Location
- Wassenaar, South Holland, PO Box 486, 2240 AL Netherlands

District information
- Type: Multi-school educational foundation, Stichting
- Established: 1936
- Chair of the board: Arjan Kastelein
- Governing agency: Ministry of Education and Inspectorate of Education
- Schools: 9

Students and staff
- Students: 7,400
- Faculty: 1,100

Other information
- Website: rijnlandslyceum.nl/en/

= Rijnlands Lyceum Foundation =

Educational foundation in the Netherlands

Stichting
The Rijnlands Lyceum Foundation (Stichting Het Rijnlands Lyceum) is an educational foundation in the Netherlands encompassing nine different schools; three offering primary education and six offering secondary education. The Foundation, established in 1936, is based in Wassenaar, a suburb of The Hague.

==Management==

The sole member and chair of the Foundation's executive board is Arjan Kastelein, who is accountable to the supervisory board chaired by Johan van der Werff. Previous chairs of the supervisory board include, Frans Weisglas, former Speaker of the House of Representatives of the Netherlands, and Hans Dijkstal, former Deputy Prime Minister of the Netherlands.

==Responsibilities==

The Foundation is responsible for financial administration, the maintenance of buildings and IT infrastructure, and the recruitment of staff. The Foundation, as the "competent authority", is responsible for the quality of the education and is accountable to the Dutch Ministry of Education and the Dutch Education Inspectorate.

==Schools in the organisation==
The organisation comprises nine schools:
- Rijnlands Lyceum Oegstgeest (secondary)
- Rijnlands Lyceum Sassenheim (secondary)
- Rijnlands Lyceum Wassenaar (secondary)
- International School of The Hague (secondary)
- International School of The Hague (primary)
- International School Wassenaar (secondary)
- European School The Hague (primary)
- European School The Hague (secondary)
- Eerste Nederlandse Montessorischool (primary)

The Rijnlands Lyceum Oegstgeest, Rijnlands Lyceum Sassenheim and Rijnlands Lyceum Wassenaar offer three streams of Dutch secondary education: "pre-vocational secondary education" (MAVO), "higher general continued education" (HAVO), and "preparatory scientific education" (VWO). They also offer bilingual education, in English and Dutch. In addition the Rijnlands Lyceum Oegstgeest has an international department offering the International Baccalaureate Middle Years Programme (IB MYP) and International Baccalaureate Diploma Programme (IBDP).

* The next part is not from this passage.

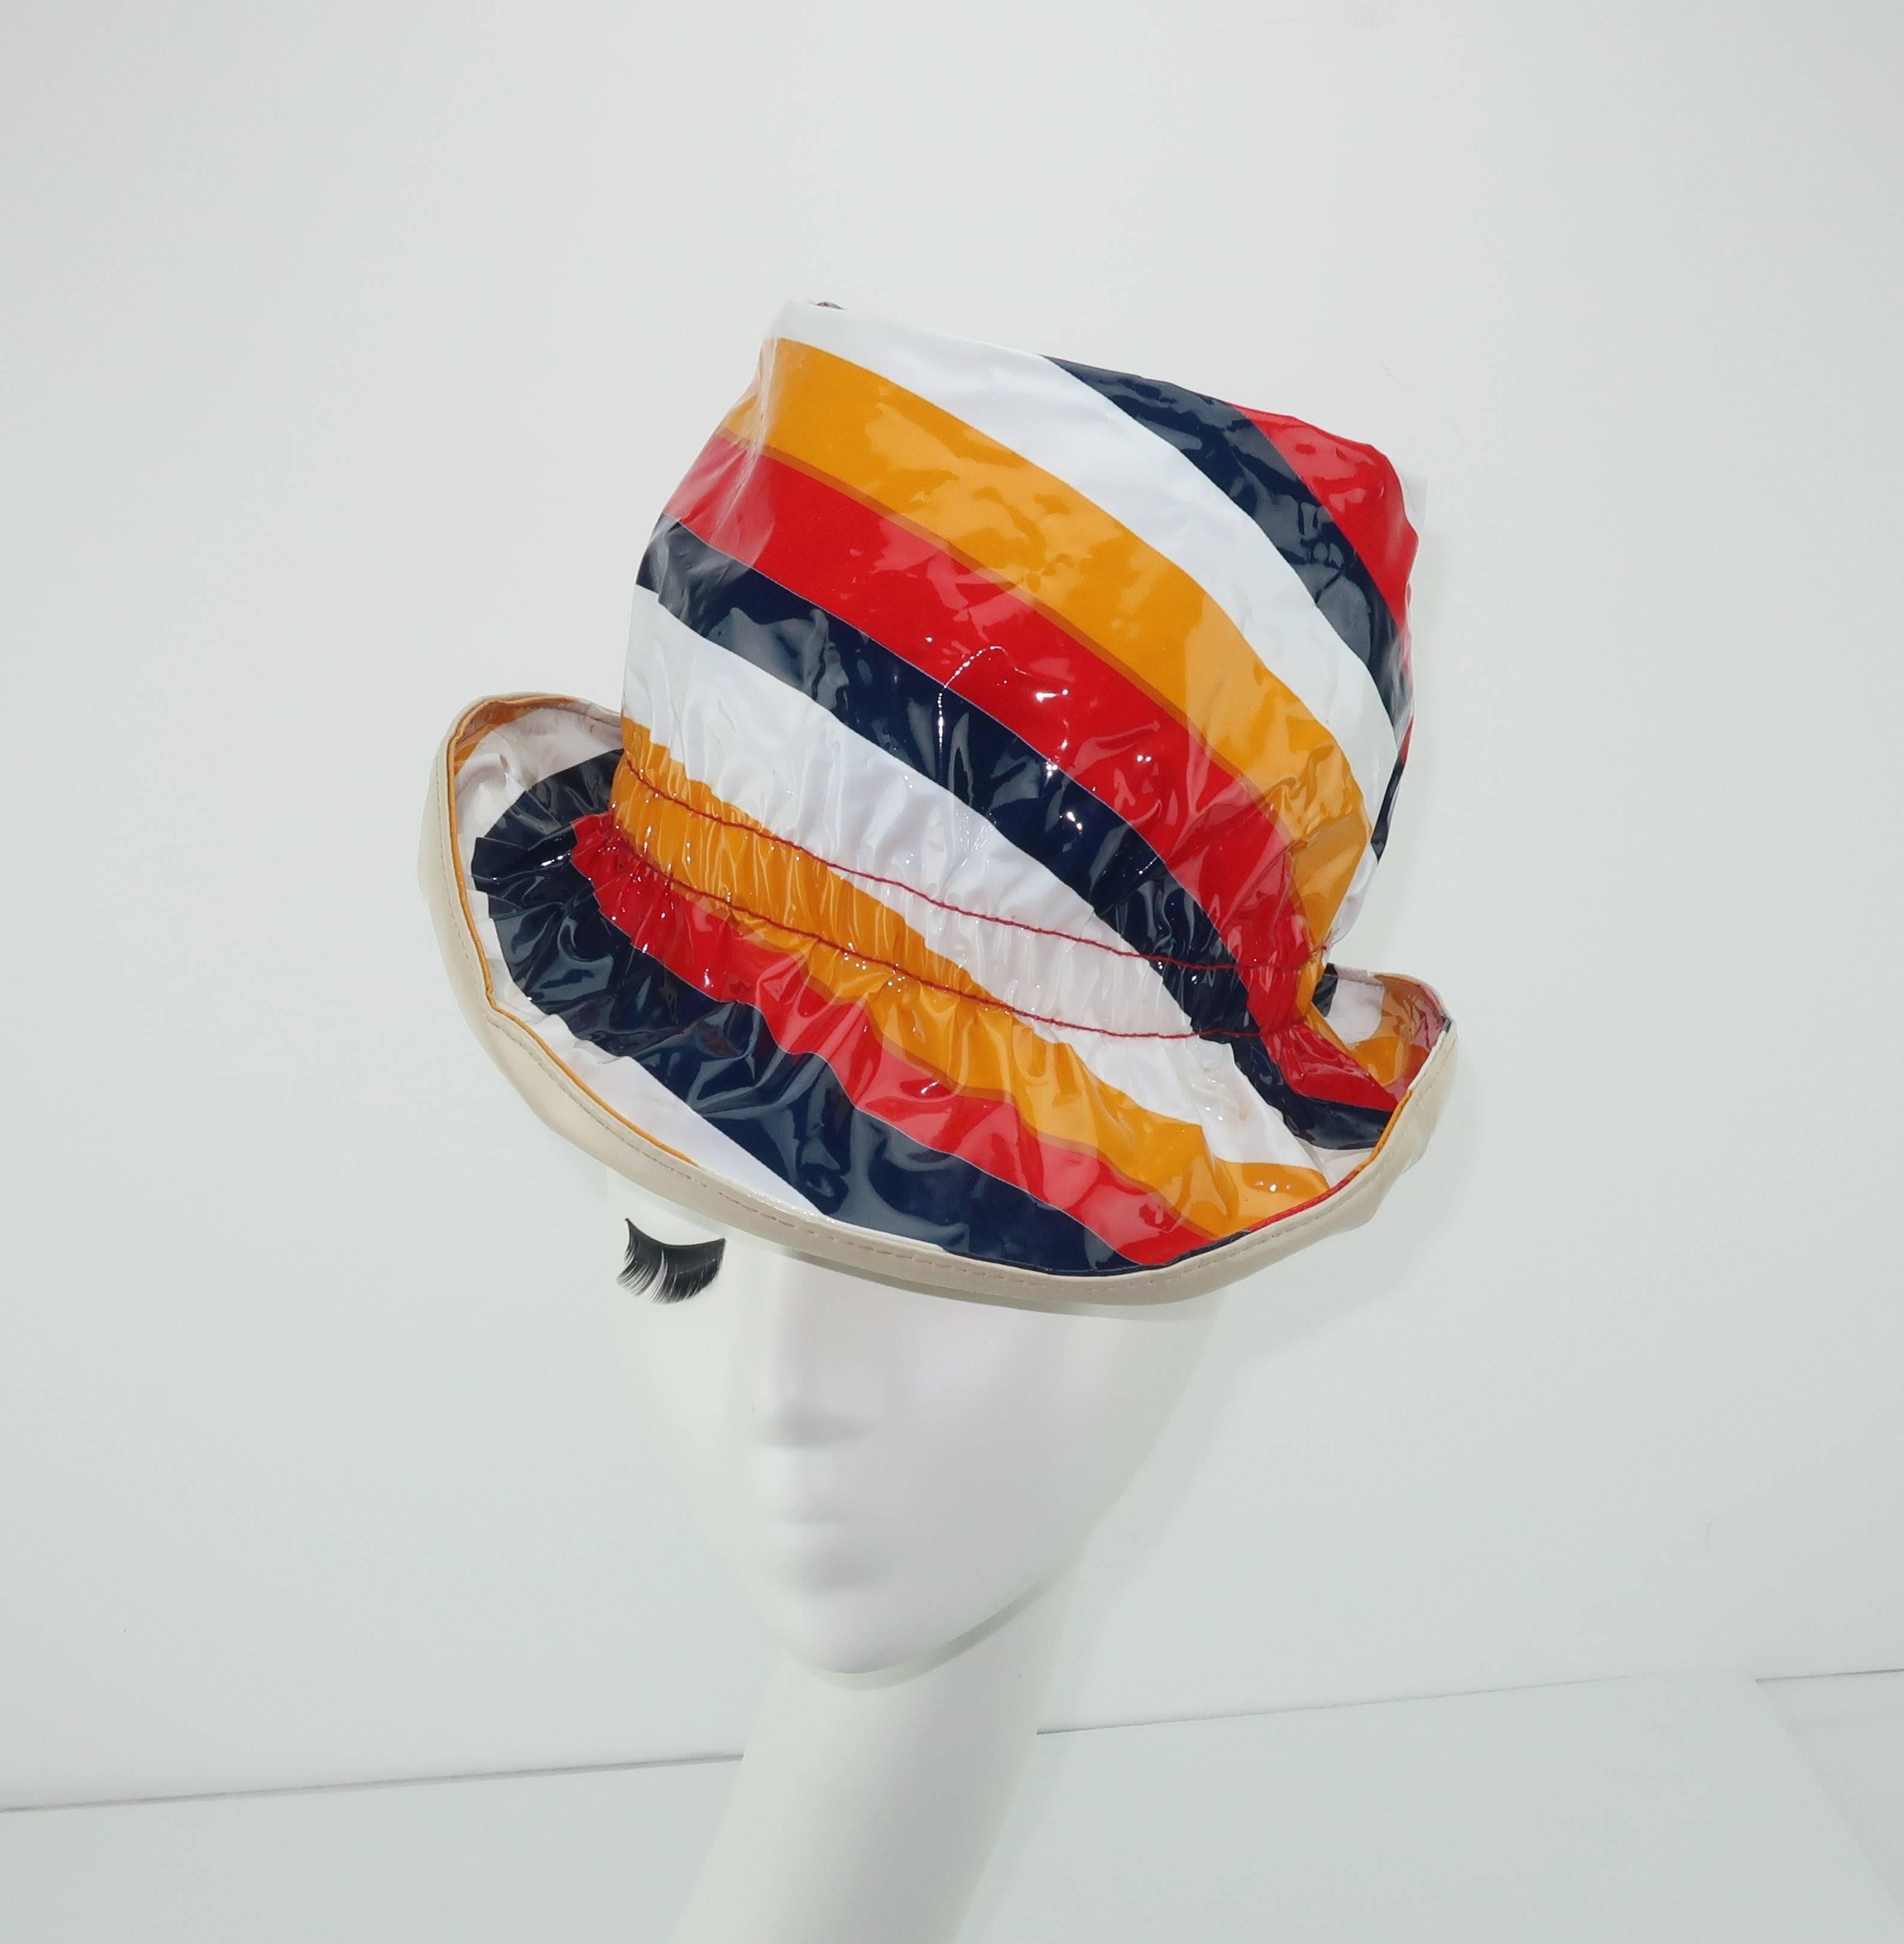 Love it!  This fun plastic hat puts sunshine and a smile into a rainy day.  The pop mod striped hard plastic shell incorporates red, white, blue and yellow colors with a bone shaded vinyl lining.  Practical for an inclement day but it is really just

The International School of The Hague constitutes a primary and secondary school, offering the International Primary Curriculum, the MYP and the IB DP.

The International School Wassenaar, opened on the premises of Rijnlands Lyceum Wassenaar in 2019, offering the International Baccalaureate Middle Years Programme (IB MYP) and from April 2023 the International Baccalaureate Diploma Programme (IBDP) with the first students completing their studies in 2025. A new building to meet the demand of over 300 international pupils was begun on 24 August 2023 and was completed and open in time for the school year beginning in September 2024. The IBDP results for the first cohort of 24 students in 2025 included 96% achieving their IB Diploma with an overall average of 31 points and highest score of 40 points.

The European School The Hague opened in 2012, initially offering primary-level education, with its secondary cycle operating from 2014. The school is accredited by the Board of Governors of the European Schools to offer the European Baccalaureate bilingual diploma as its secondary leaving qualification. It prioritises, for enrolment purposes, the children of European Union staff and other non-EU European institutions based nearby.

The Eerste Nederlandse Montessorischool is a primary school offering a Montessori education.